When a normal variable is passed by value, C++ copies the value of the argument into the function parameter. Because the parameter is a copy, changing the value of the parameter does not change the value of the original argument.
However, because copying large arrays can be very expensive, C++ does not copy an array when an array is passed into a function. Instead, the actual array is passed. This has the side effect of allowing functions to directly change the value of array elements!
#include <iostream>
void passValue(int value) // value is a copy of the argument
{
value = 99; // so changing it here won't change the value of the argument
}
void passArray(int prime[5]) // prime is the actual array
{
prime[0] = 11; // so changing it here will change the original argument!
prime[1] = 7;
prime[2] = 5;
prime[3] = 3;
prime[4] = 2;
}
int main()
{
int value{ 1 };
std::cout << "before passValue: " << value << '\n';
passValue(value);
std::cout << "after passValue: " << value << '\n';
int prime[5]{ 2, 3, 5, 7, 11 };
std::cout << "before passArray: " << prime[0] << " " << prime[1] << " " << prime[2] << " " << prime[3] << " " << prime[4] << '\n';
passArray(prime);
std::cout << "after passArray: " << prime[0] << " " << prime[1] << " " << prime[2] << " " << prime[3] << " " << prime[4] << '\n';
return 0;
}
// output
// before passValue: 1
// after passValue: 1
// before passArray: 2 3 5 7 11
// after passArray: 11 7 5 3 2
As a side note, if you want to ensure a function does not modify the array elements passed into it, you can make the array const:
// even though prime is the actual array, within this function it should be treated as a constant
void passArray(const int prime[5])
{
// so each of these lines will cause a compile error!
prime[0] = 11;
prime[1] = 7;
prime[2] = 5;
prime[3] = 3;
prime[4] = 2;
}
What good are pointers?
At this point, pointers may seem a little silly, academic, or obtuse. Why use a pointer if we can just use the original variable?
It turns out that pointers are useful in many different cases:
1) Arrays are implemented using pointers. Pointers can be used to iterate through an array (as an alternative to array indices) (covered in lesson 9.24 – Introduction to iterators).
2) They are the only way you can dynamically allocate memory in C++ (covered in lesson 9.13 – Dynamic memory allocation with new and delete). This is by far the most common use case for pointers.
3) They can be used to pass a function as a parameter to another function (covered in lesson 10.9 – Function Pointers).
4) They can be used to achieve polymorphism when dealing with inheritance (covered in lesson 18.1 – Pointers and references to the base class of derived objects).
5) They can be used to have one struct/class point at another struct/class, to form a chain. This is useful in some more advanced data structures, such as linked lists and trees.
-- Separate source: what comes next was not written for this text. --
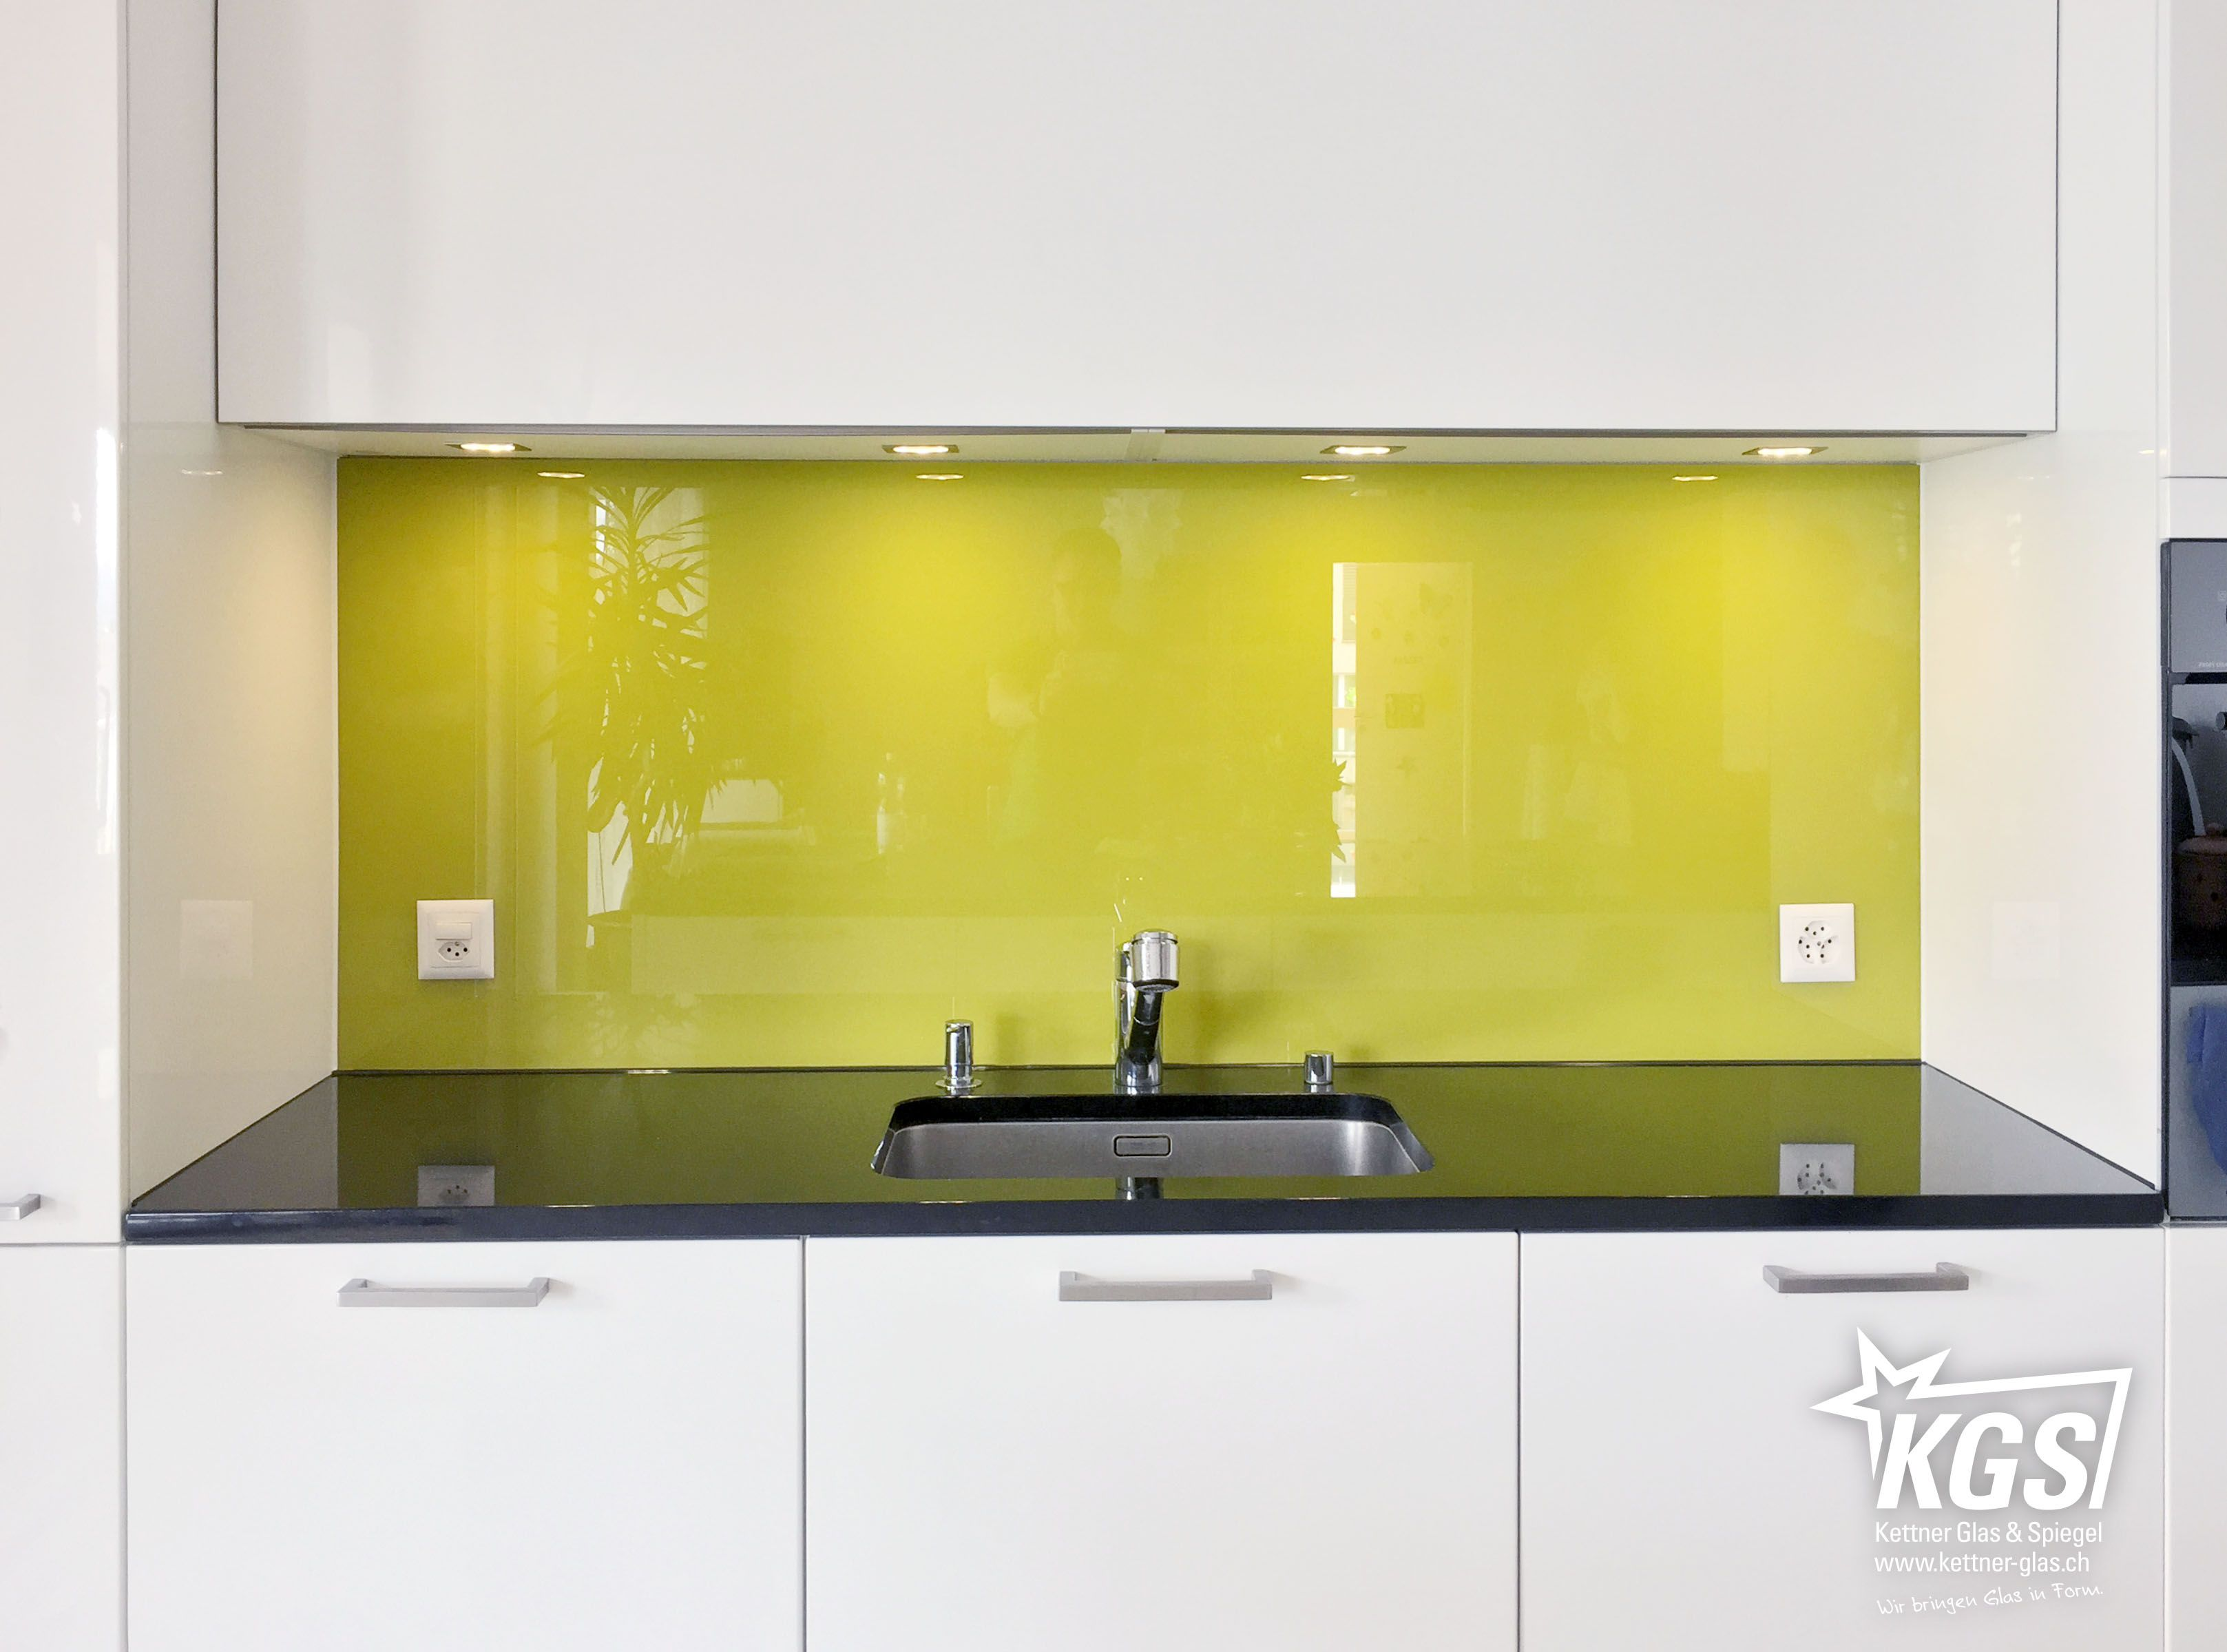 Echtglas-Küchenrückwand mit kt.COLOR 43.6 Olive-Lackierung auf ...

So there is actually a surprising number of uses for pointers. But don’t worry if you don’t understand what most of these are yet. Now that you understand what pointers are at a basic level, we can start taking an in-depth look at the various cases in which they’re useful, which we’ll do in subsequent lessons.
Dynamic memory allocation with new and delete
The need for dynamic memory allocation
C++ supports three basic types of memory allocation, of which you’ve already seen two.
-
Static memory allocation happens for static and global variables. Memory for these types of variables is allocated once when your program is run and persists throughout the life of your program.
-
Automatic memory allocation happens for function parameters and local variables. Memory for these types of variables is allocated when the relevant block is entered, and freed when the block is exited, as many times as necessary.
-
Dynamic memory allocation is the topic of this article.
Both static and automatic allocation have two things in common:
-
The size of the variable / array must be known at compile time.
-
Memory allocation and deallocation happens automatically (when the variable is instantiated / destroyed).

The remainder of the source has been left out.